I have heard lots of raving about Akka framework (Java/Scala service platform), but so far have not seen many actual examples of use cases it would be good for. So I would be interested in hearing about things developers have used it succesfully.
Only one limitation: please do not include case of writing a chat server. (why? since this has been overused as an example for lots of similar things)
We are using Akka in a large scale Telco project (unfortunately I can't disclose a lot of details). Akka actors are deployed and accessed remotely by a web application. In this way, we have a simplified RPC model based on Google protobuffer and we achieve parallelism using Akka Futures. So far, this model has worked brilliantly. One note: we are using the Java API.
We are using akka with its camel plugin to distribute our analysis and trending processing for twimpact.com. We have to process between 50 and 1000 messages per second. In addition to multi-node processing with camel it is also used to distribute work on a single processor to multiple workers for maximum performance. Works quite well, but requires some understanding of how to handle congestions.
We use Akka in spoken dialog systems (primetalk). Both internally and externally. In order to simultaneously run a lot of telephony channels on a single cluster node it is obviously necessary to have some multithreading framework. Akka works just perfect. We have previous nightmare with the java-concurrency. And with Akka it is just like a swing — it simply works. Robust and reliable. 24*7, non-stop.

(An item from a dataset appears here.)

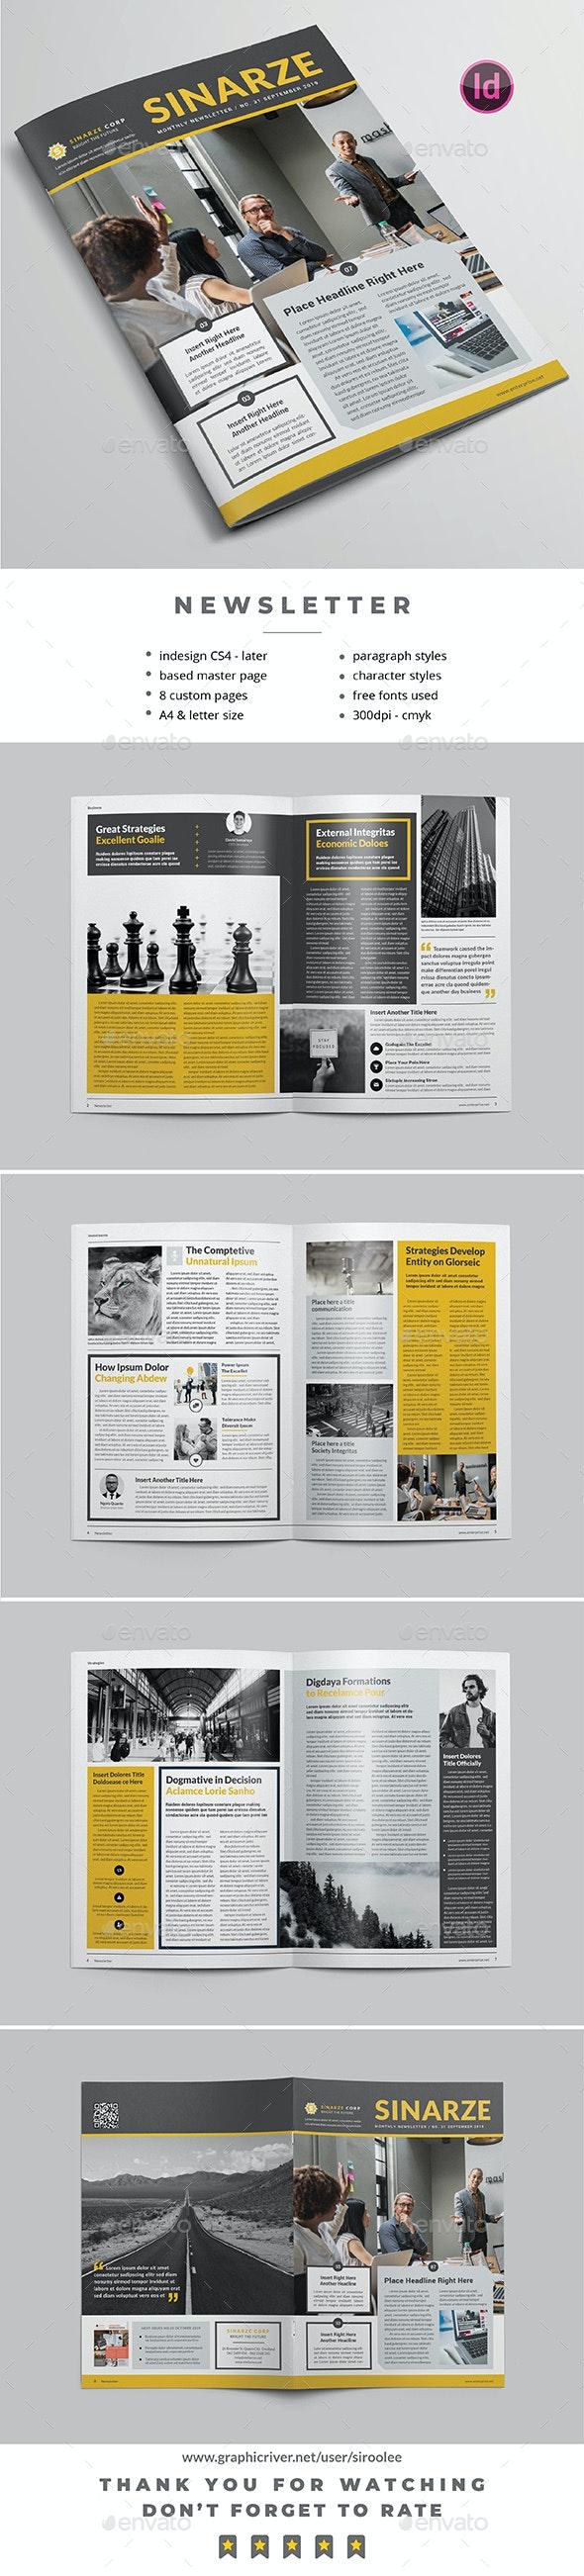 Multipurpose Newsletter v.09 - Newsletters Print Templates

Inside a channel we have real-time stream of events that are processed in parallel. In particular: - lengthy automatic speech recognition — is done with an actor; - audio output producer that mixes a few audio sources (including synthesized speech); - text-to-speech conversion is a separate set of actors shared between channels; - semantic and knowledge processing.
To make interconnections of complex signal processing we use SynapseGrid. It has the benefit of compile-time checking of the DataFlow in the complex actor systems.

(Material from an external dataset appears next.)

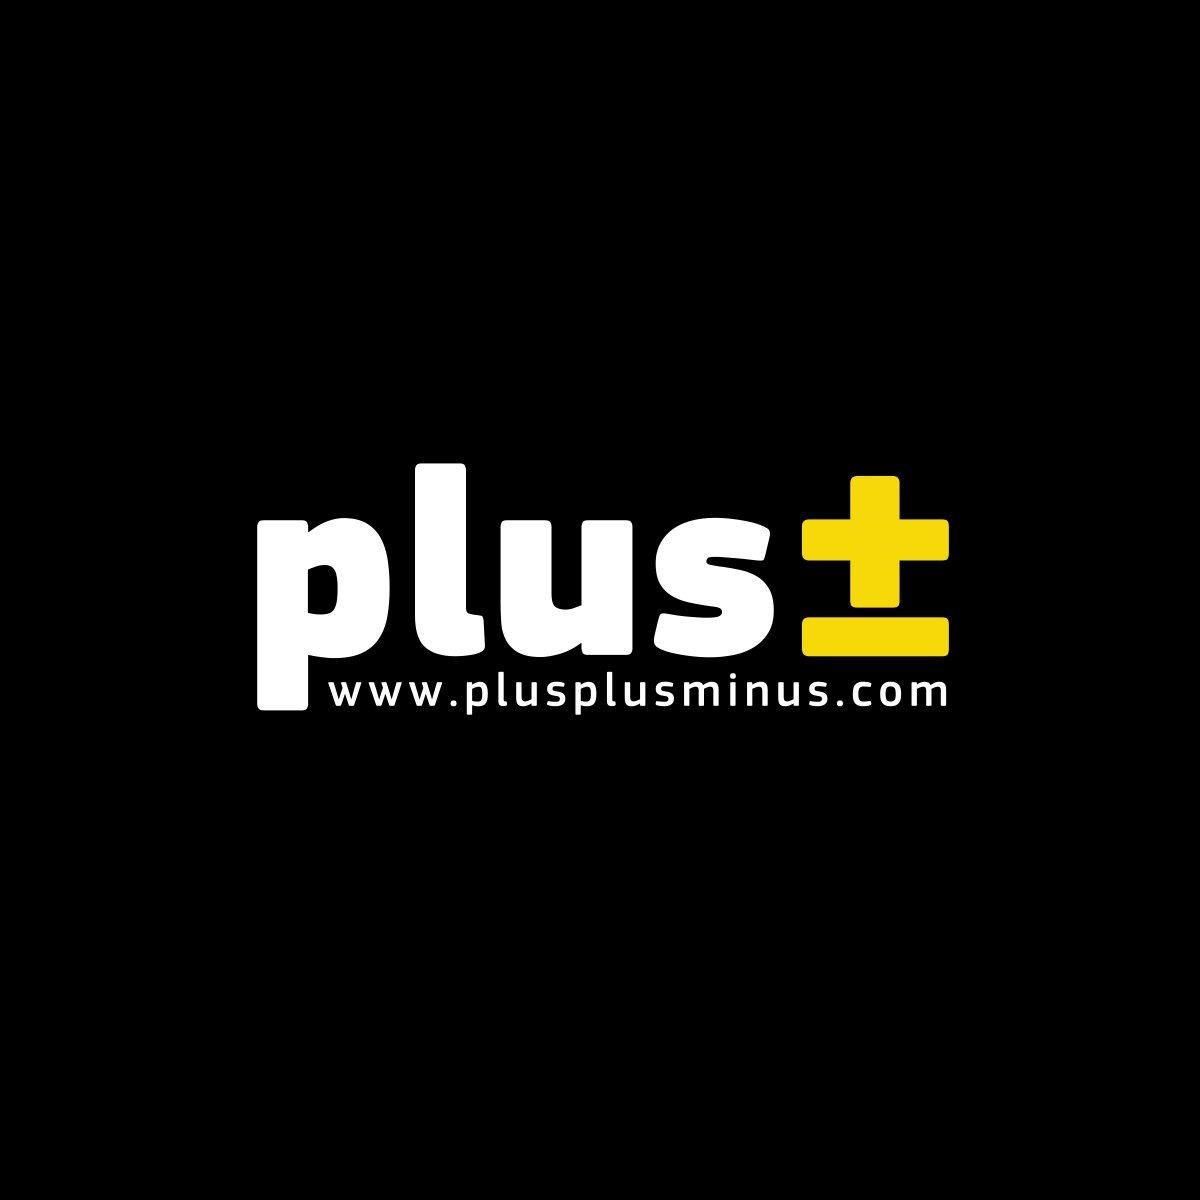 Plus Plus Minus Logo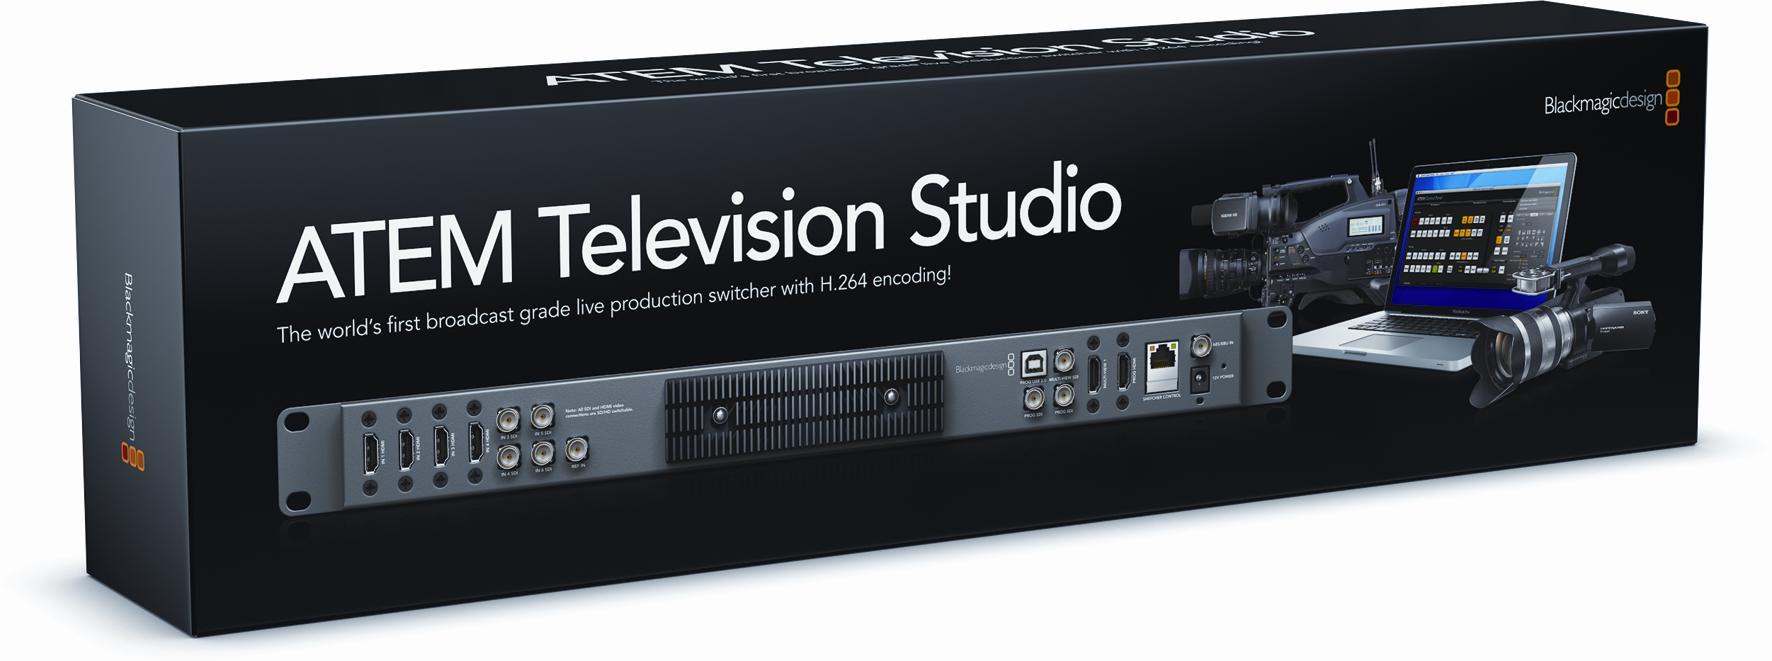 Blackmagic ATEM TV studio

Disclaimer: I am the PO for Akka
Besides offering a concurrency smorgasbord that is much simpler to reason about and to get correct (actors, agents, dataflow concurrency) and with concurrency control in the form of STM.
Here are some use-cases you might consider:
I was trying out my hands on Akka (Java api). What I tried was to compare Akka's actor based concurrency model with that of plain Java concurrency model (java.util.concurrent classes).
The use case was a simple canonical map reduce implementation of character count. The dataset was a collection of randomly generated strings (400 chars in length), and calculate the number of vowels in them.
For Akka I used a BalancedDispatcher(for load balancing amongst threads) and RoundRobinRouter (to keep a limit on my function actors). For Java, I used simple fork join technique (implemented without any work stealing algorithm) that would fork map/reduce executions and join the results. Intermediate results were held in blocking queues to make even the joining as parallel as possible. Probably, if I am not wrong, that would mimic somehow the "mailbox" concept of Akka actors, where they receive messages.
Observation: Till medium loads (~50000 string input) the results were comparable, varying slightly in different iterations. However, as I increased my load to ~100000 it would hang the Java solution. I configured the Java solution with 20-30 threads under this condition and it failed in all iterations.
Increasing the load to 1000000, was fatal for Akka as well. I can share the code with anyone interested to have a cross check.
So for me, it seems Akka scales out better than traditional Java multithreaded solution. And probably the reason is the under the hood magic of Scala.
If I can model a problem domain as an event driven message passing one, I think Akka is a good choice for the JVM.
Test performed on: Java version:1.6 IDE: Eclipse 3.7 Windows Vista 32 bit. 3GB ram. Intel Core i5 processor, 2.5 GHz clock speed
Please note, the problem domain used for the test can be debated and I tried to be as much fair as my Java knowledge allowed :-)
If you abstract the chat server up a level, then you get the answer.
Akka provides a messaging system that is akin to Erlang's "let it crash" mentality.
So examples are things that need varying levels of durability and reliability of messaging:
The nice things about Akka are the choices it affords for persistence, it's STM implementation, REST server and fault-tolerance.
Don't get annoyed by the example of a chat server, think of it as an example of a certain class of solution.
With all their excellent documentation, I feel like a gap is this exact question, use-cases and examples. Keeping in mind the examples are non-trivial.
(Written with only experience of watching videos and playing with the source, I have implemented nothing using akka.)